Your objective: In the copy, keep every line below as it is and leave out the pictures.

Data:
----------
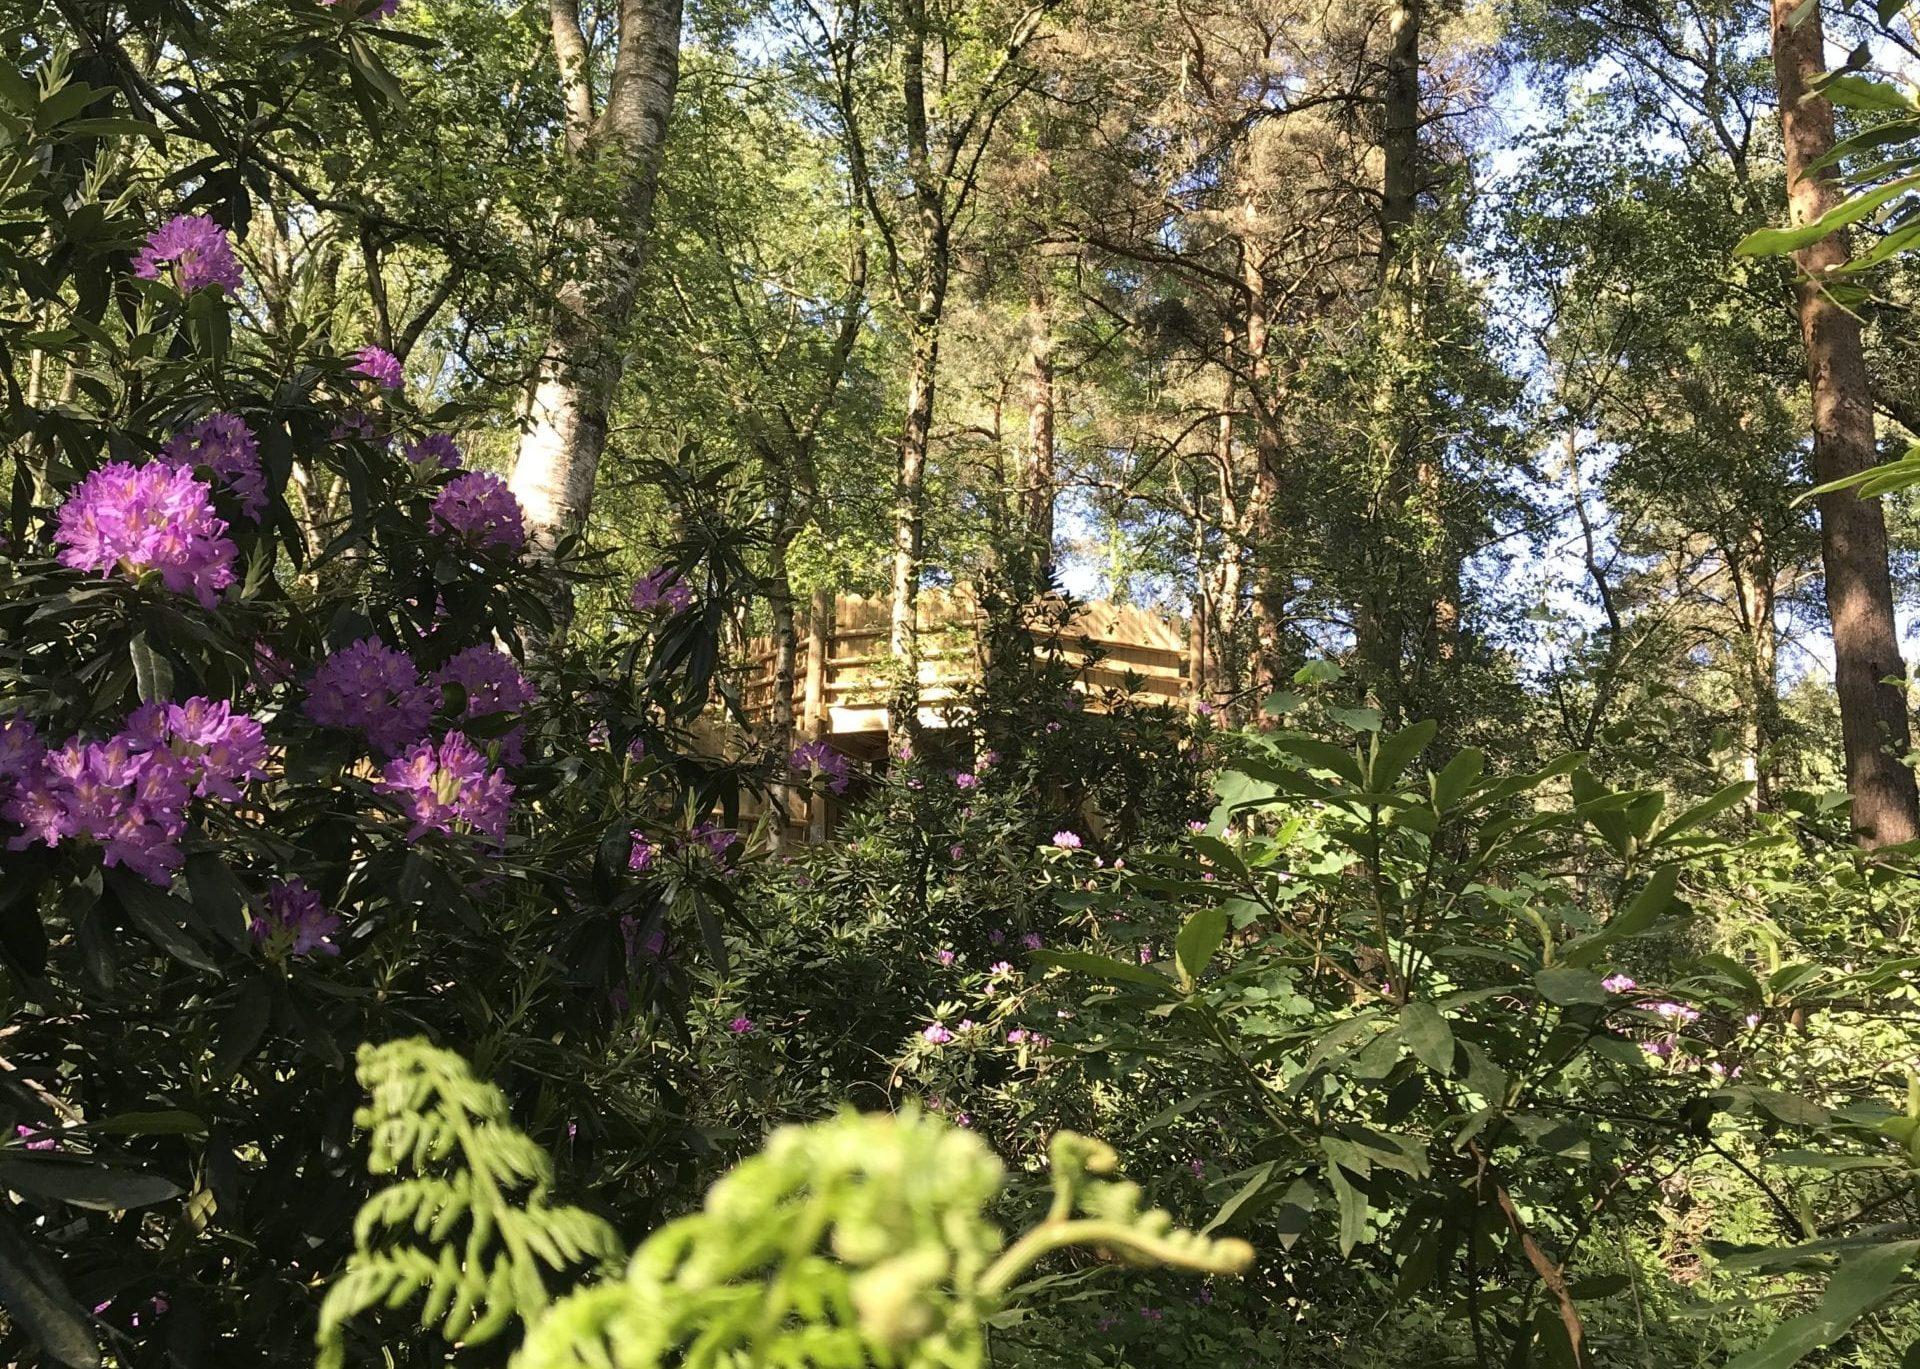 BeWILDerwood Cheshire Opening Date
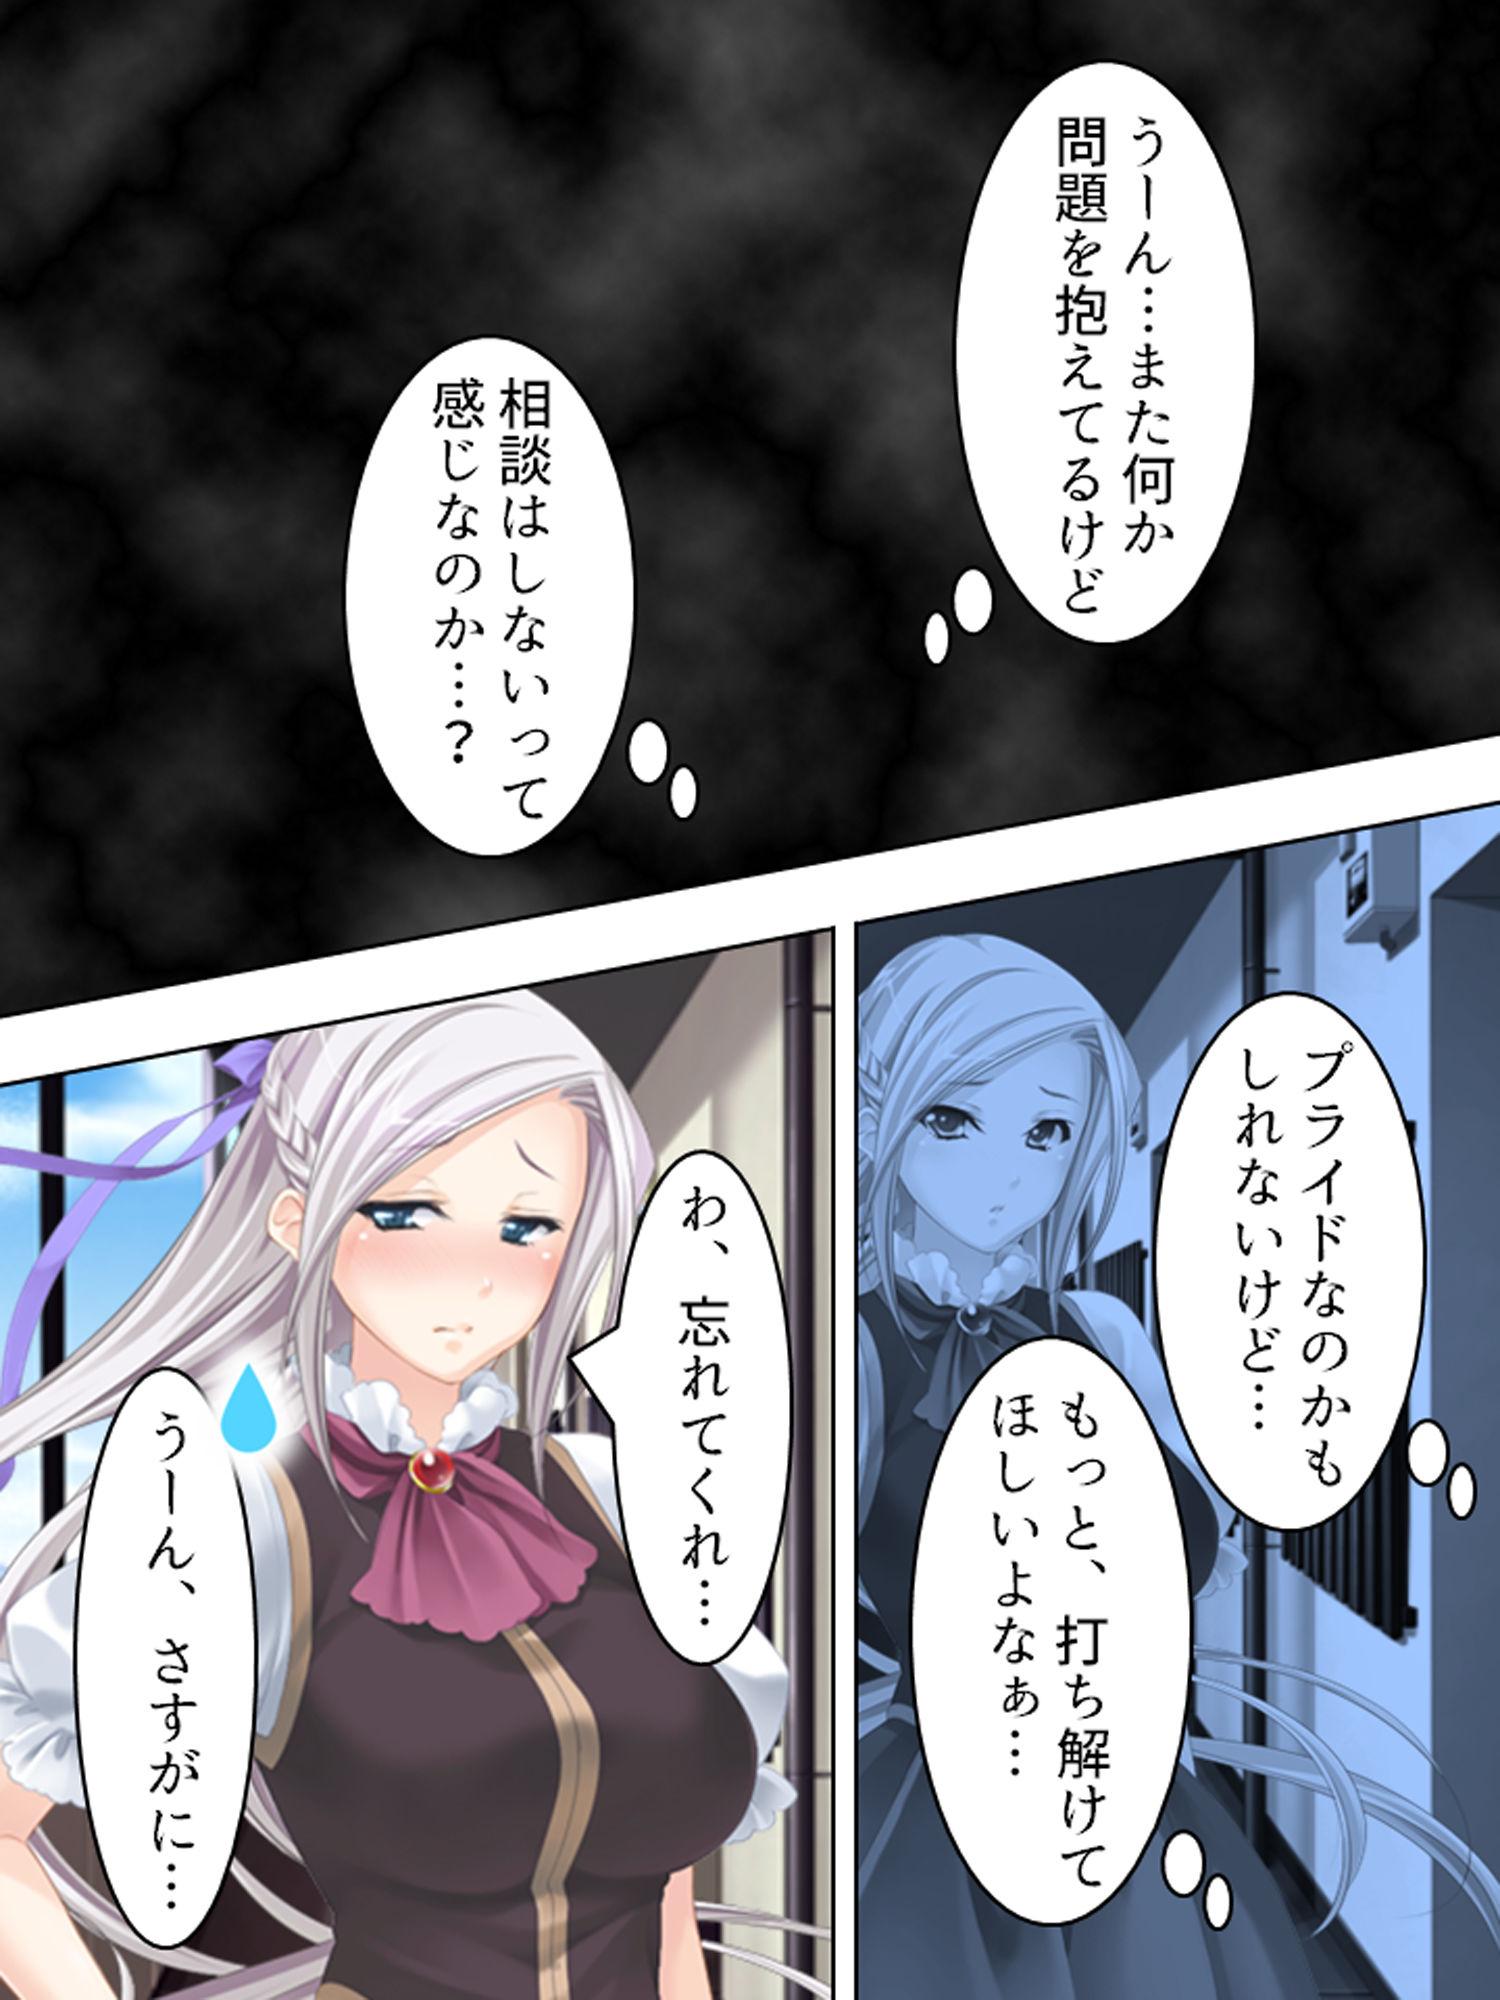 【エマ 同人】人気コスプレイヤーに憑いた夢魔を祓うセックス生活!中
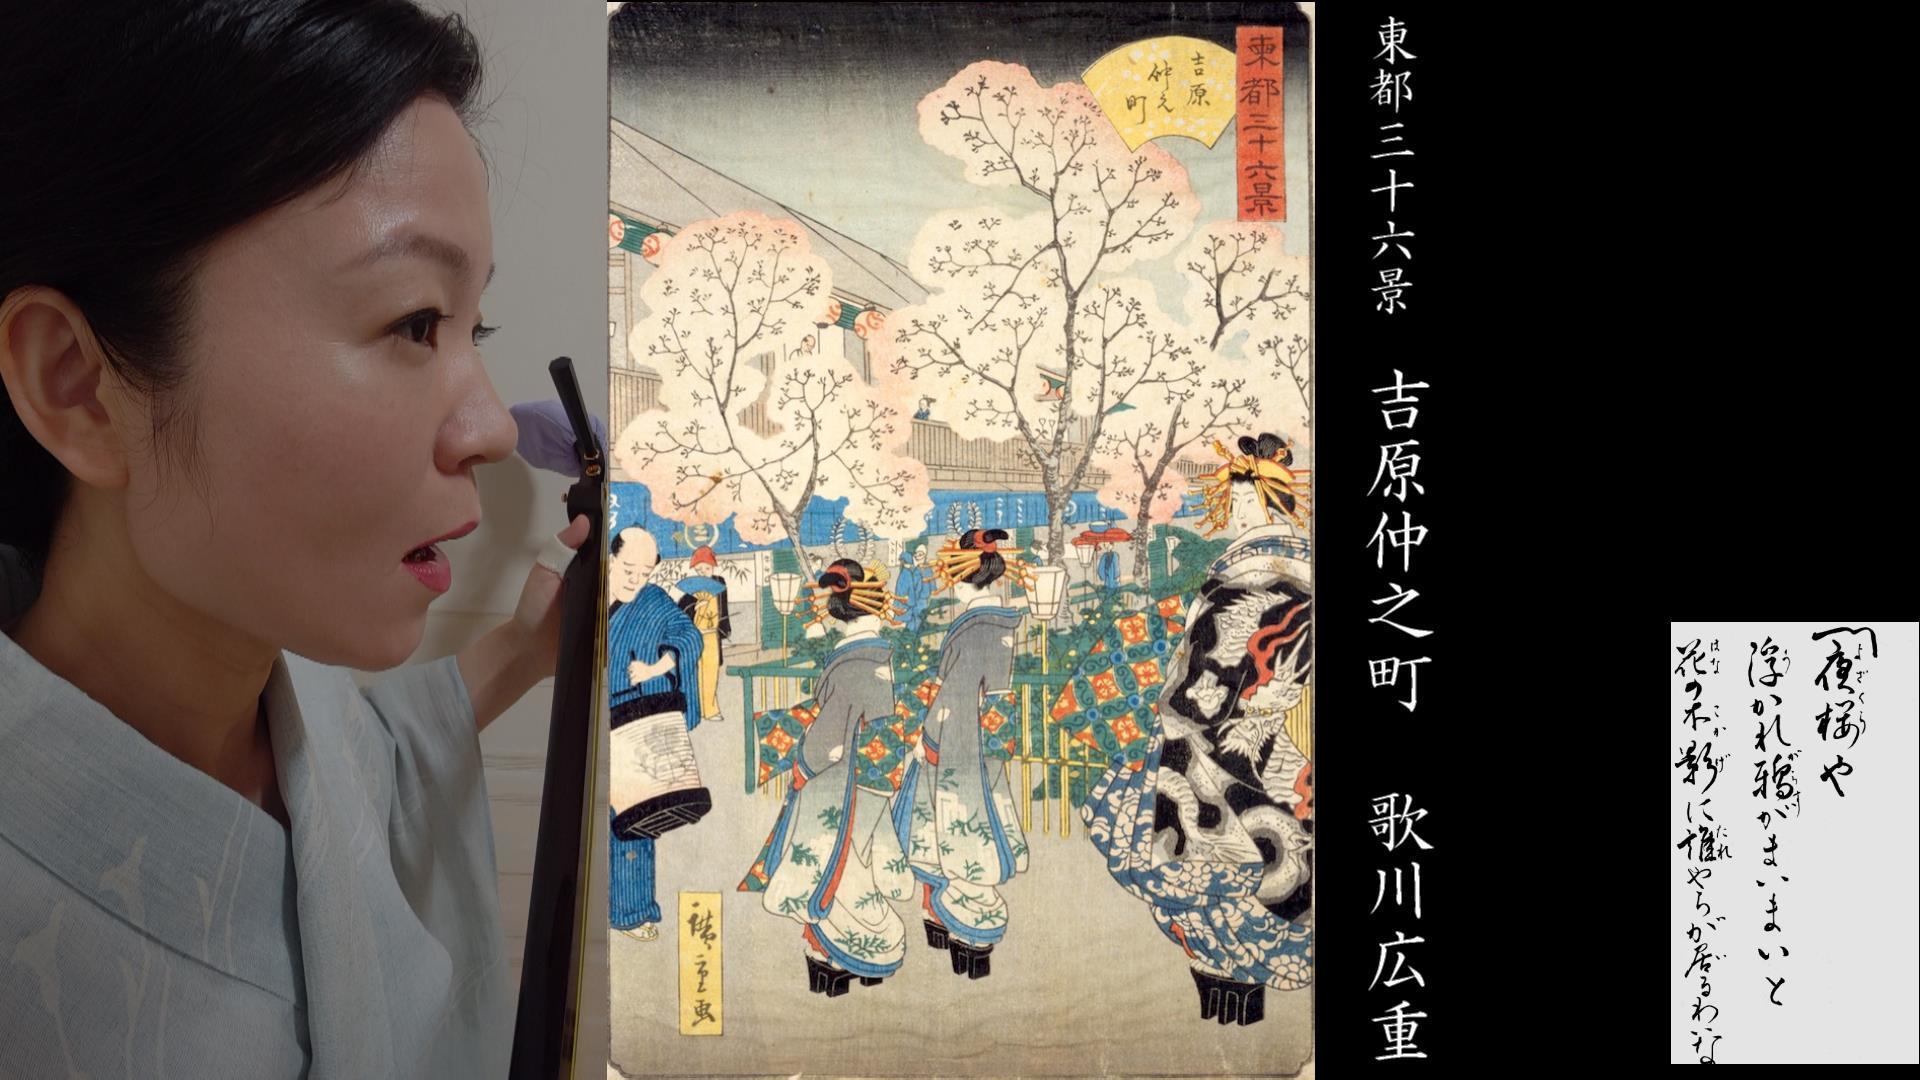 江戸小唄と共に隅田川と吉原を散策する_e0189104_22234548.jpg
----------
Exercise solution:
 BeWILDerwood Cheshire Opening Date
 【エマ 同人】人気コスプレイヤーに憑いた夢魔を祓うセックス生活!中
 江戸小唄と共に隅田川と吉原を散策する_e0189104_22234548.jpg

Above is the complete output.